Safe thread to talk about const



  • Continuing the discussion from Enlightened:

    @cvi said:

    @Kian said:
    Do you know how to prevent it being used by library code? Because if not, the moment someone uses your custom type as a parameter for a templated library function you've violated the standard.

    I get that argument (which is what Sutter is saying). Still, mutable members without synchronization seem useful enough to me (especially if you through other means guarantee that they will "never" be used in a multi-threaded context). Synchronization overhead is not free...

    Well, as long as you don't use a class in a threaded context, it doesn't matter if it's thread safe. However, if you are choosing performance over safety, make sure you actually measured that you needed the performance and remember you'll need to teach peopler to never use it in an unsafe manner.


  • Winner of the 2016 Presidential Election

    This topic isn't even const!

    Filed Under: until it's archived



  • Considering the speed at which threads get derailed, the best way to kill a topic is possibly to create a new thread for it :)



  • Well, yeah, but that applies equally to const and non-const methods.
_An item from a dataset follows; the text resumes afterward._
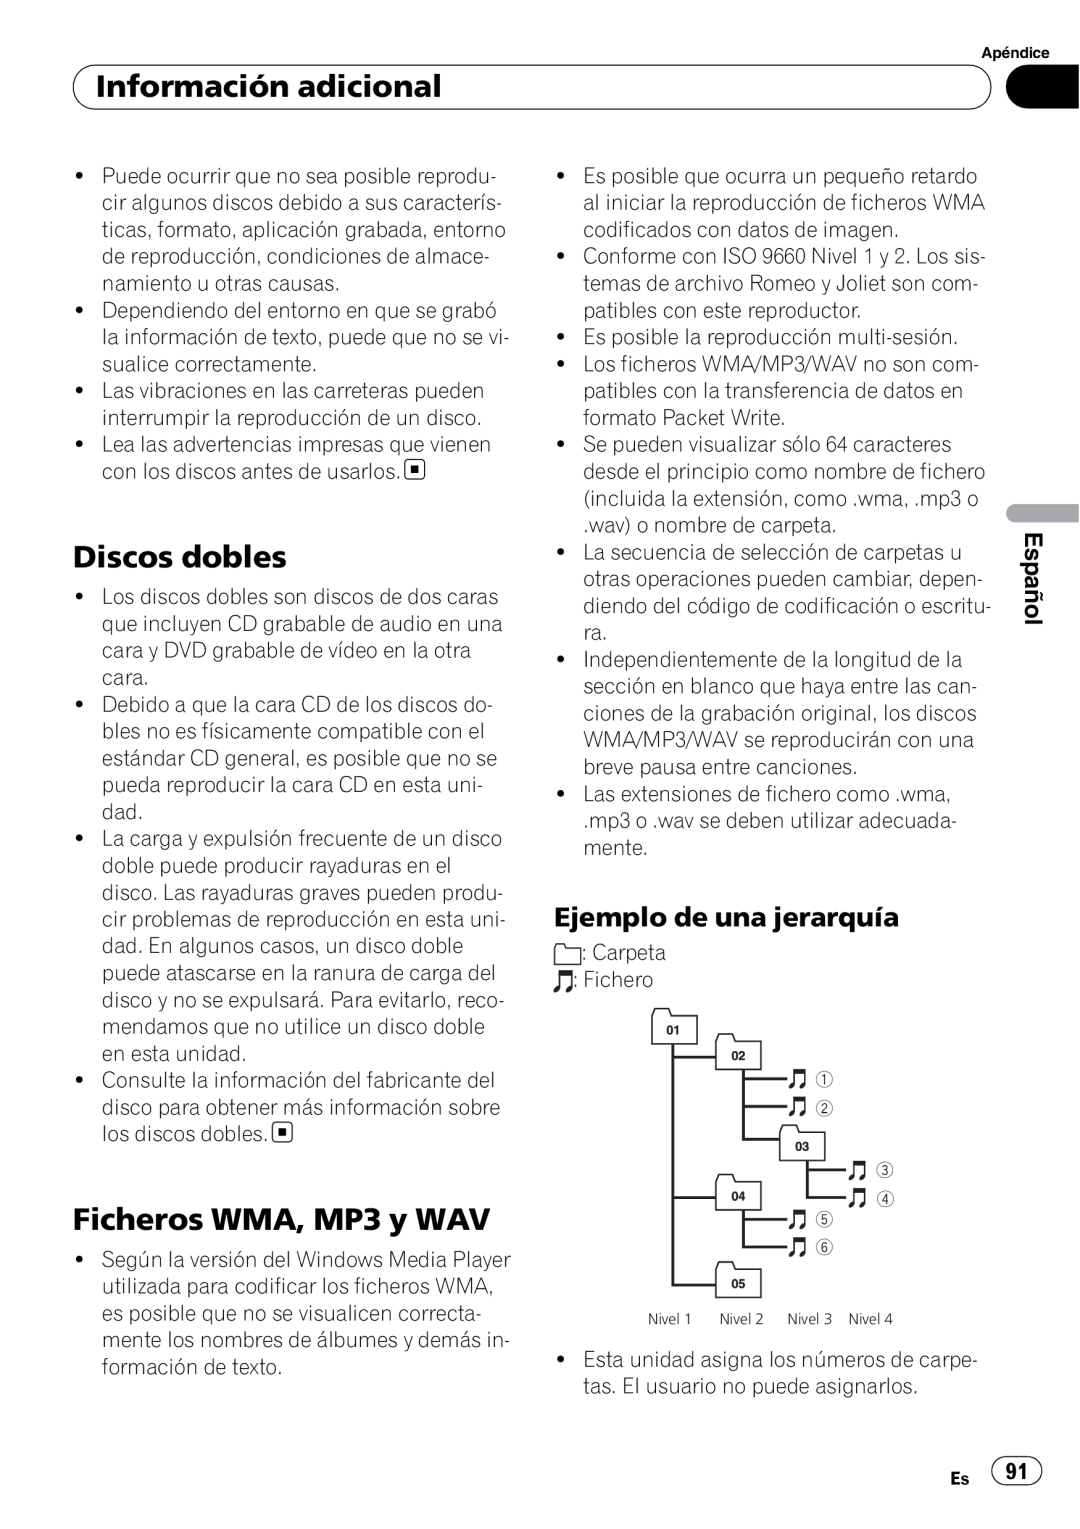 Sony DEH-P2900MP operation manual Discos dobles, Ficheros WMA, MP3 y WAV, Ejemplo de una jerarquía, Información adicional

    Requiring const-methods to be thread safe (for reading) is a good goal. Making const-methods that are not thread-safe for reading illegal (which people seemingly were suggesting in the other thread) seems a bit overreaching to me, especially considering this is C++ (where shooting your feet is solely your own business).


  • area_pol

    I approve the title of this topic.



  • @Kian said:

    Do you know how to prevent it being used by library code? Because if not, the moment someone uses your custom type as a parameter for a templated library function you've violated the standard.

    Not me, them.

    What I am saying is that the violation comes from using such object in context that assumes const methods are thread-safe (against other const methods), not from creating it.

    It does not make creating such object good idea and the convention is definitely reasonable. But it is not a rule, just a (very reasonable) best practice.

    @cvi said:

    Requiring const-methods to be thread safe (for reading) is a good goal. Making const-methods that are not thread-safe for reading illegal (which people seemingly were suggesting in the other thread) seems a bit overreaching to me, especially considering this is C++ (where shooting your feet is solely your own business).

    That's exactly why it isn't illegal.

    In C++, that is. In Rust there is the borrow checker that does not allow multiple mutable references at the same time and the Sync trait that defines which types can be shared between threads at all and the Mutex that is a container for the locked value and only allows access to it when it is locked.



  • @cvi said:

    Requiring const-methods to be thread safe (for reading) is a good goal. Making const-methods that are not thread-safe for reading illegal (which people seemingly were suggesting in the other thread) seems a bit overreaching to me, especially considering this is C++

    The standard mandates that using the standard library on const parameters must not cause a data race. How you achieve this is up to you. Not having threads is one solution, but you are then making your object more limited. If someone uses your object in a threaded context, though, the one who violated the standard was the one who wrote the const method.

    For different reasons, it may be preferable to write such code. There's a lot of code that is only defined when called with certain arguments.

    @Bulb said:

    What I am saying is that the violation comes from using such object in context that assumes const methods are thread-safe (against other const methods), not from creating it.
    If I am cut-off from features of the language because someone else wrote a class that isn't well behaved, the one who wrote the class is the one that wrote non-conforming code. Not the person trying to write code according to the standard.

    Correct code doesn't need disclaimers, it "just works" with other correct code. Incorrect code may be necessary or desirable, but it is still incorrect. C++ lets you bypass any and all security features, because sometimes it is the right thing to do and it had to make compromises to get other features.


  • Discourse touched me in a no-no place

    Quick! Someone Jeff all the replies to new topics!